To make amends to that oversight, I picked up "Understanding Drama" as one of my subjects. Of great interest i have found it to be. A pleasant surprise was to find nestled in between Macbeth and Arms and the man was the play Ghashiram Kotwal , by Vijay Tendulkar .

Vijay Tendulakr has written a huge load of literature of which some of his most famous plays are "Sakharam binder" and "Kanyadan". Girish karnard actually commented on his play "Shantata! Court Chalu Ahe!" as "the best play written in the last thousand years". How do you top something like that?

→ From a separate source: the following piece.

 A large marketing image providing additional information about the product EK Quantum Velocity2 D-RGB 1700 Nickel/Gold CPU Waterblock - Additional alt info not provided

The play Ghashiram Kotwal debated in 1972 and was played at the Bharat Natya Mandir at Pune. It actually ran for 19 performances after which it was banned because it was perceived as Anti-Brahmin and showed Nana Phadnavis (the Prime minister of the Peshwa) in a bad light. Sounds like things haven't changed much since then.

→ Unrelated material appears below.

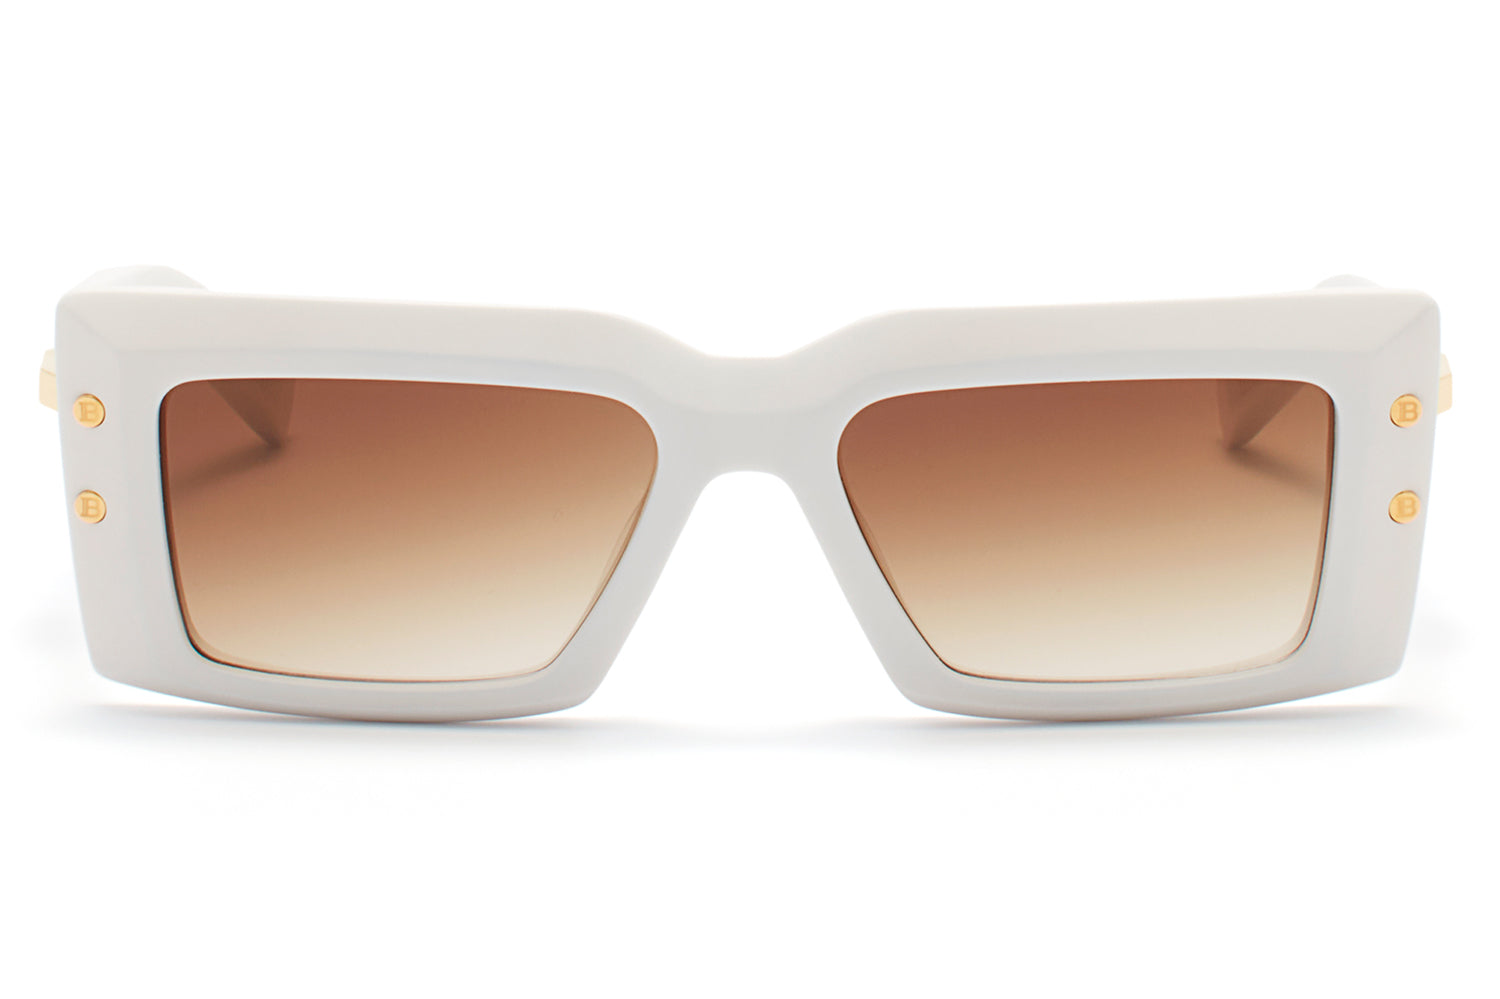 Balmain Eyewear - Imperial Sunglasses | Specs Collective, Matte White & Yellow Gold with Dark Brown Gradient Lenses

The play revolves around a North Indian Brahmin called Ghasiram who comes to Pune to make his fortune. But is falsely implicated as a thief by the Brahmins and thus decides to make pune a "city fit for dogs". To do that, he rather callously barters his underage daughter Gauri to the lustful Nana Phadnavis, in exchange for becoming the Kotwal of Pune. He then unleashes a reign of terror on the city and its Brahmins. These includes pulling off the nails of people and then chopping off their hands. Pretty gruesome.
Ghasirams downfall begins when gauri goes missing. When he confronts nana about his daughters whereabouts, he comes to know that she passed away when she had gone to the midwife. A distraught Ghasiram then Packs up thirty Brahmins in a cell which results in the death of about twenty of them. When peshwa gets the news of this, the wily politican Nana, dumps the kotwal to the crowd.

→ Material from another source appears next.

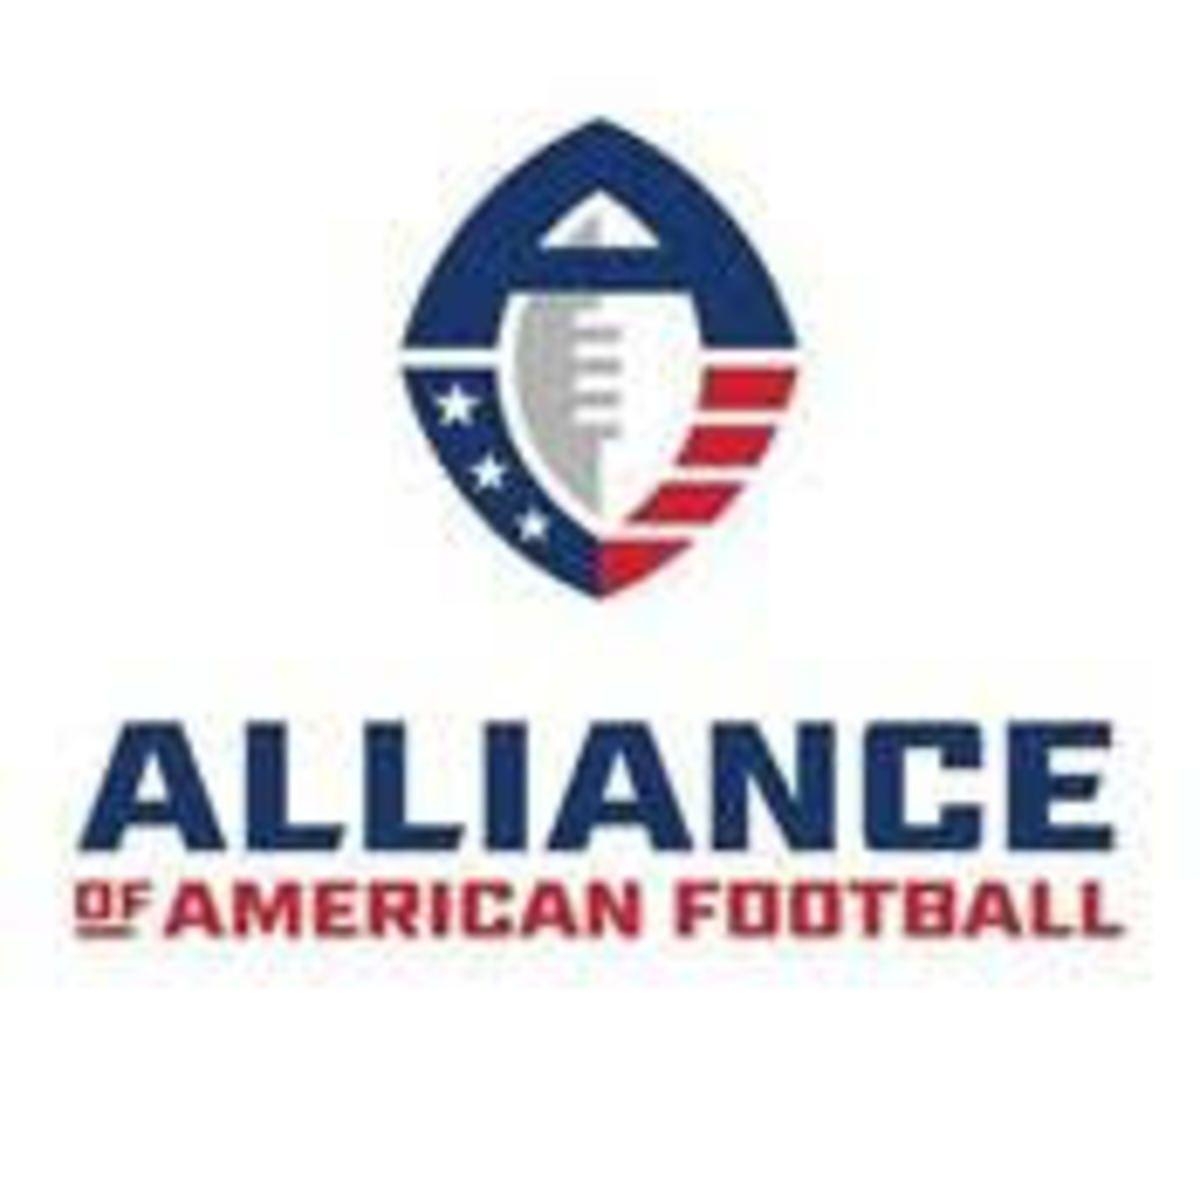 American Match Company Logo - New Football League Ratings Match NBA Game on ABC - Broadcasting & Cable

Tendulkar has used the "Tamasha" Genre in the play so you have a lot of singing and dancing used here to good effect. For example, we actually have the "abhangas" (devotional songs) mixed in with the "Lavnis" (Love songs). These actually highlight the moral corruption of the Brahmins as they try to hide their lust behind the respectability of religion. The use of the Tamasha also ensures the presence of some colourful language. For example, when they are talking about the barter of Gauri for the kotwal-ship, Nana says,
"You bastard. you have got me stuck in a narrow pass."
to this Ghasiram replies, "Yes the narrow pass of my daughters."

Also the use of the "Sutradhar" or narrator and the human wall of 12 brahmins as a curtain are some very interesting adaptations used for the theater. This actualy means that this play can be performed anywhere from the NCPA in mumbai to the Ram-lila ground in nagpur.

Sadly I have yet to see the play. It is very sad. Hence the use of the word "sadly". I think it is immensely sad that there are so many neat things to do out there and see for ourself that there is no possible way that we could ever do even a minuscule fraction of them. I think there is something poetically sad about that. Why I wonder, do people like Vijay tendulkar not come out of "pop up windows" demanding my credit card information, with the same frequency as Jenna Jameson?